HDLs are used to write executable specifications of some piece of hardware. A
simulation program, designed to implement the underlying semantics of the language
statements, coupled with simulating the progress of time, provides the hardware designer
with the ability to model a piece of hardware before it is created physically. It is this
executability that gives HDLs the illusion of being programming languages. Simulators
capable of supporting discrete-event (digital) and continuous-time (analog) modeling
exist, and HDLs targeted for each are available.

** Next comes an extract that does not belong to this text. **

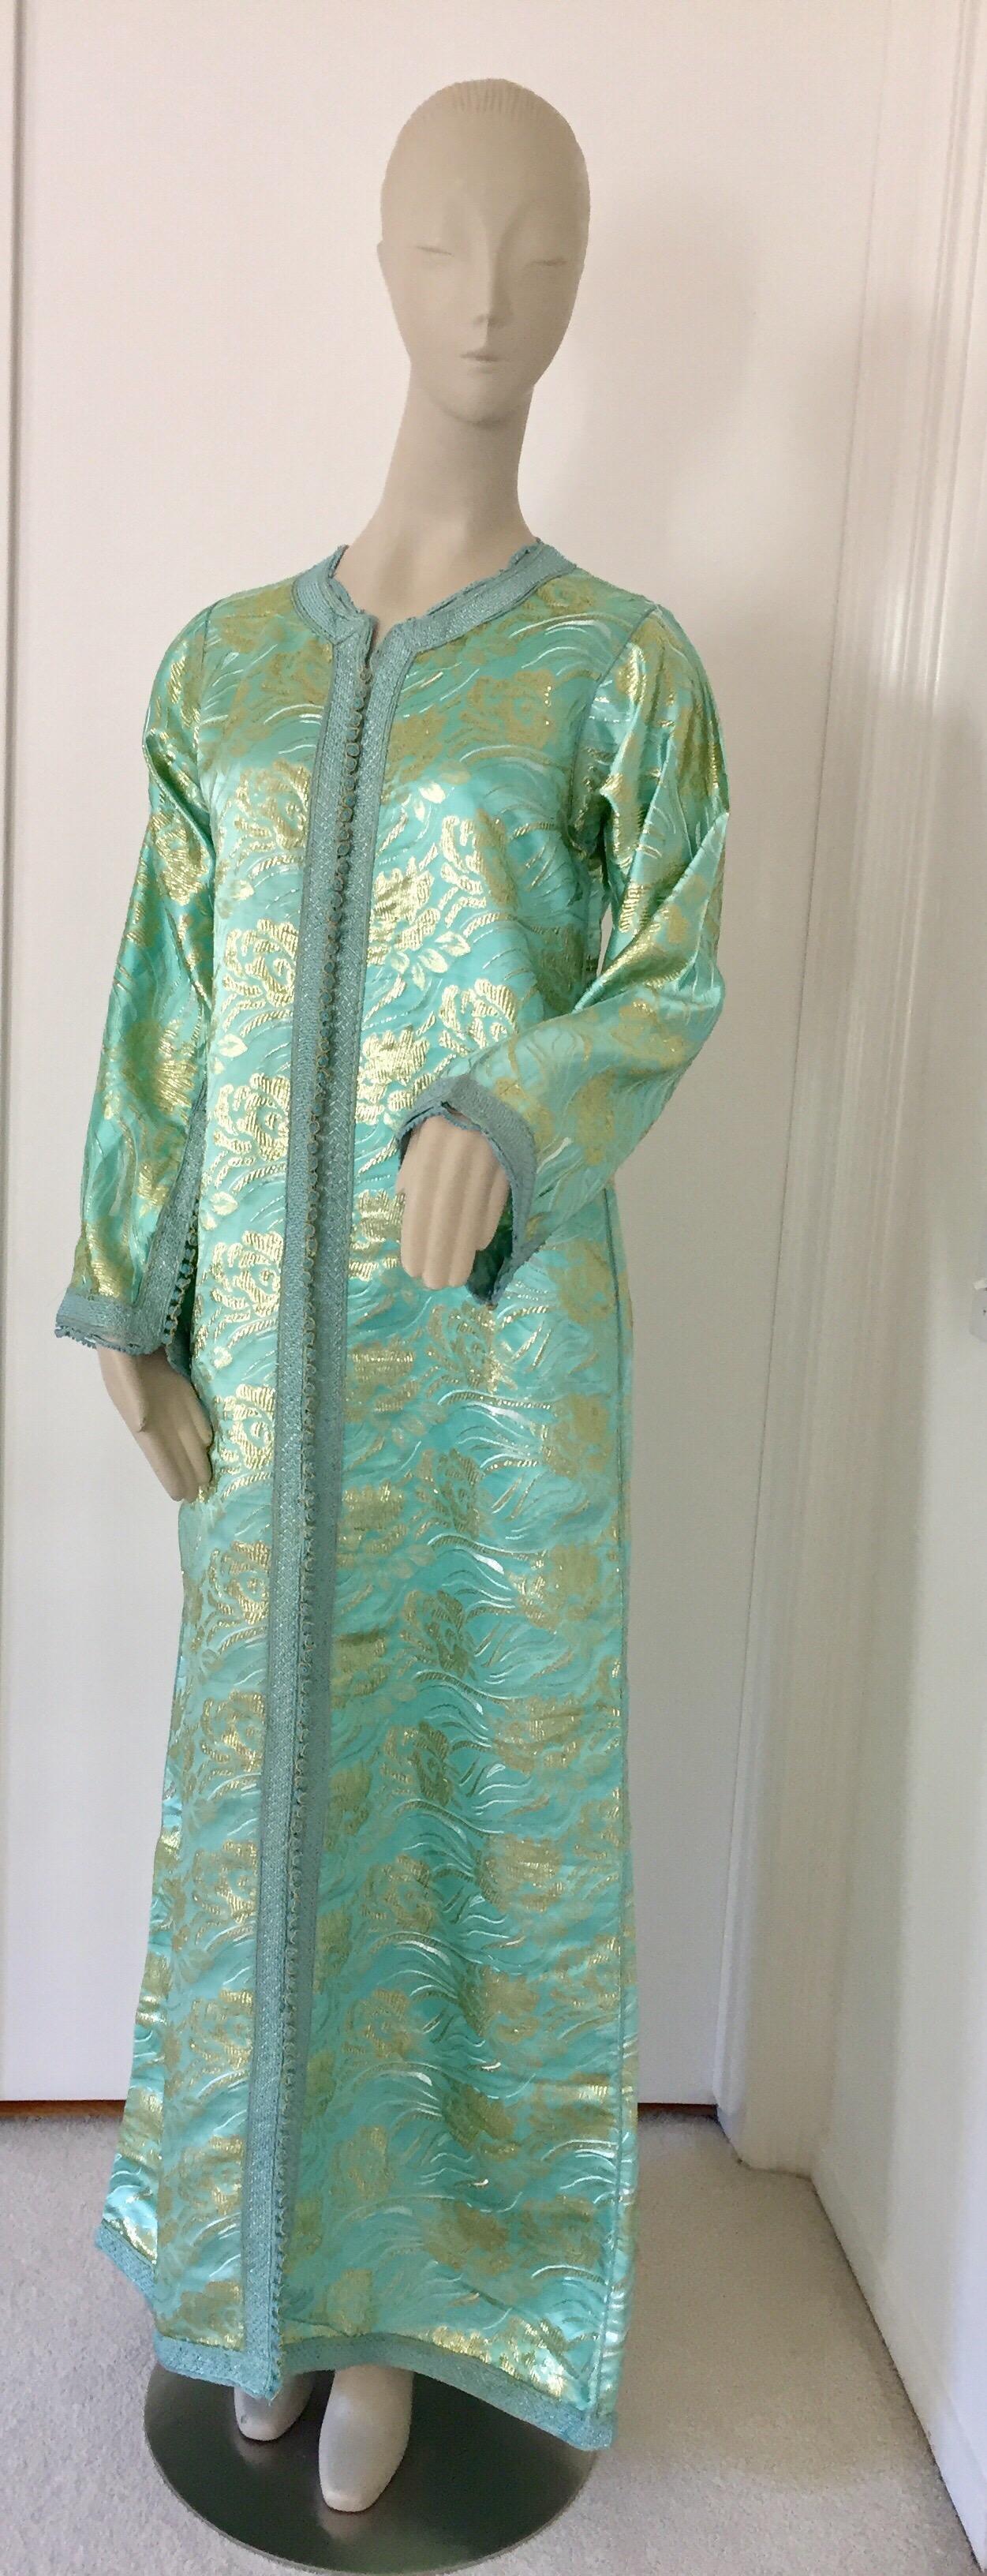 Gray Moroccan Kaftan in Turquoise and Gold Floral Brocade Metallic Lame For Sale

It is certainly possible to represent hardware semantics using traditional
programming languages such as C++, although to function such programs must be
augmented with extensive and unwieldy class libraries. Primarily, however, software
programming languages do not include any capability for explicitly expressing time, and
this is why they do not function as a hardware description language. Before the recent
introduction of SystemVerilog, C++ integration with a logic simulator was one of the few
ways to use OOP in hardware verification. SystemVerilog is the first major HDL to offer
object orientation and garbage collection.
26
Using the proper subset of virtually any (hardware description or software
programming) language, a software program called a synthesizer (or synthesis tool) can
infer hardware logic operations from the language statements and produce an equivalent
netlist of generic hardware primitives to implement the specified behaviour. Synthesizers
generally ignore the expression of any timing constructs in the text. Digital logic
synthesizers, for example, generally use clock edges as the way to time the circuit,
ignoring any timing constructs. The ability to have a synthesizable subset of the language
does not itself make a hardware description language.

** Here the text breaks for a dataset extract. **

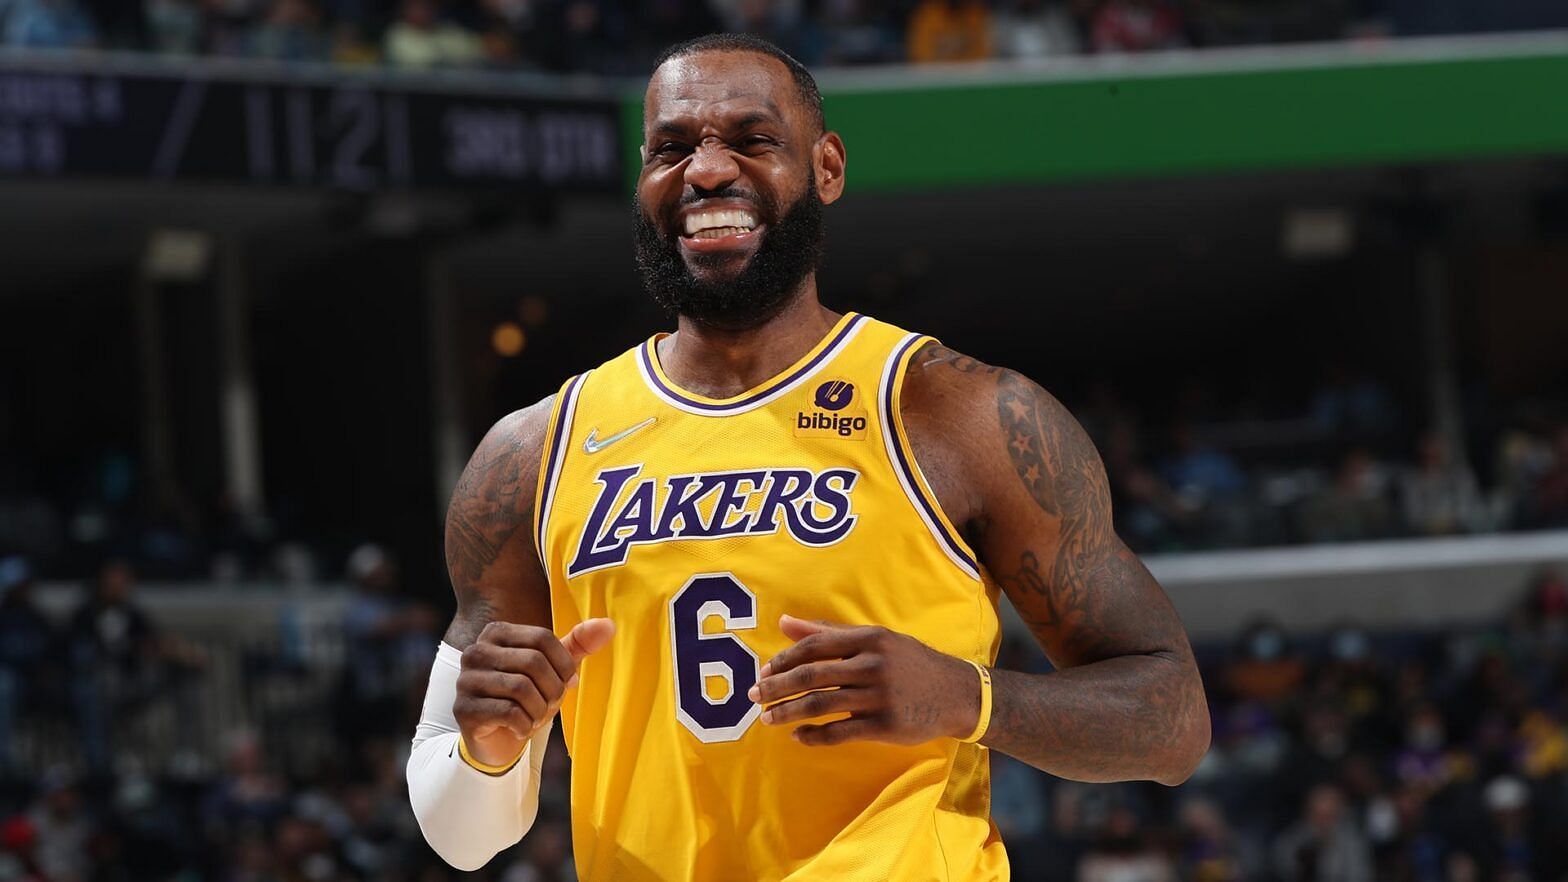 Los Angeles Lakers superstar LeBron James comments on Russell Westbrook

For a given algorithm, leveraging the parallelism of custom hardware will
generally outperform software at the cost of a greater development budget. Designing a
system in HDL is generally much harder and more time consuming than writing a
software program to do the same thing. Consequently, there has been much work done on
automatic conversion of C code into HDL, but this has not reached a high level of
commercial success.
4.1 HDL AND PROGRAMMING LANGUAGES
A HDL is analogous to a software programming language, but with major
differences. Programming languages are inherently procedural (single-threaded), with
limited syntactical and semantic support to handle concurrency. HDLs, on the other hand,
can model multiple parallel processes (such as flipflops, adders, etc.) that automatically
execute independently of one another. Any change to the process's input automatically
triggers an update in the simulator's process stack. Both programming languages and
HDLs are processed by a compiler (usually called a synthesizer in the HDL case), but
with different goals. For HDLs, 'compiler' refers to synthesis, a process of transforming
the HDL code listing into a physically realizable gate netlist. The netlist output can take
any of many forms: a "simulation" netlist with gate-delay information, a "handoff" netlist
for post-synthesis place and route, or a generic industry-standard EDIF format (for
subsequent conversion to a JEDEC-format file).
27
On the other hand, a software compiler converts the source-code listing into a
microprocessor-specific object-code, for execution on the target microprocessor. As
HDLs and programming languages borrow concepts and features from each other, the
boundary between them is becoming less distinct. However, pure HDLs are unsuitable
for general purpose software application development, just as general-purpose
programming languages are undesirable for modeling hardware. Yet as electronic
systems grow increasingly complex, and reconfigurable systems become increasingly
mainstream, there is growing desire in the industry for a single language that can perform
some tasks of both hardware design and software programming. SystemC is an example
of such—embedded system hardware can be modeled as non-detailed architectural blocks
(blackboxes with modeled signal inputs and output drivers). The target application is
written in C/C++, and natively compiled for the host-development system (as opposed to
targeting the embedded CPU, which requires host-simulation of the embedded CPU). The
high level of abstraction of SystemC models is well suited to early architecture
exploration, as architectural modifications can be easily evaluated with little concern for
signal-level implementation issues.
In an attempt to reduce the complexity of designing in HDLs, which have been
compared to the equivalent of assembly languages, there are moves to raise the
abstraction level of the design. Companies such as Cadence, Synopsys and Agility
Design Solutions are promoting SystemC as a way to combine high level languages with
concurrency models to allow faster design cycles for FPGAs than is possible using
traditional HDLs. Approaches based on standard C or C++ (with libraries or other
extensions allowing parallel programming) are found in the Catapult C tools from Mentor
Graphics, and in the Impulse C tools from Impulse Accelerated Technologies. Annapolis
Micro Systems, Inc.'s CoreFire Design Suite and National Instruments LabVIEW FPGA
provide a graphical dataflow approach to high-level design entry. Languages such as
SystemVerilog, SystemVHDL, and Handel-C seek to accomplish the same goal, but are
aimed at making existing hardware engineers more productive versus making FPGAs
more accessible to existing software engineers. Thus SystemVerilog is more quickly and
28
widely adopted than SystemC. There is more information on C to HDL and Flow to HDL
in their respective articles.
4.2 LANGUAGES
The two most widely-used and well-supported HDL varieties used in industry are:
VHDL
Verilog
Others include :
Advanced Boolean Expression Language (ABEL)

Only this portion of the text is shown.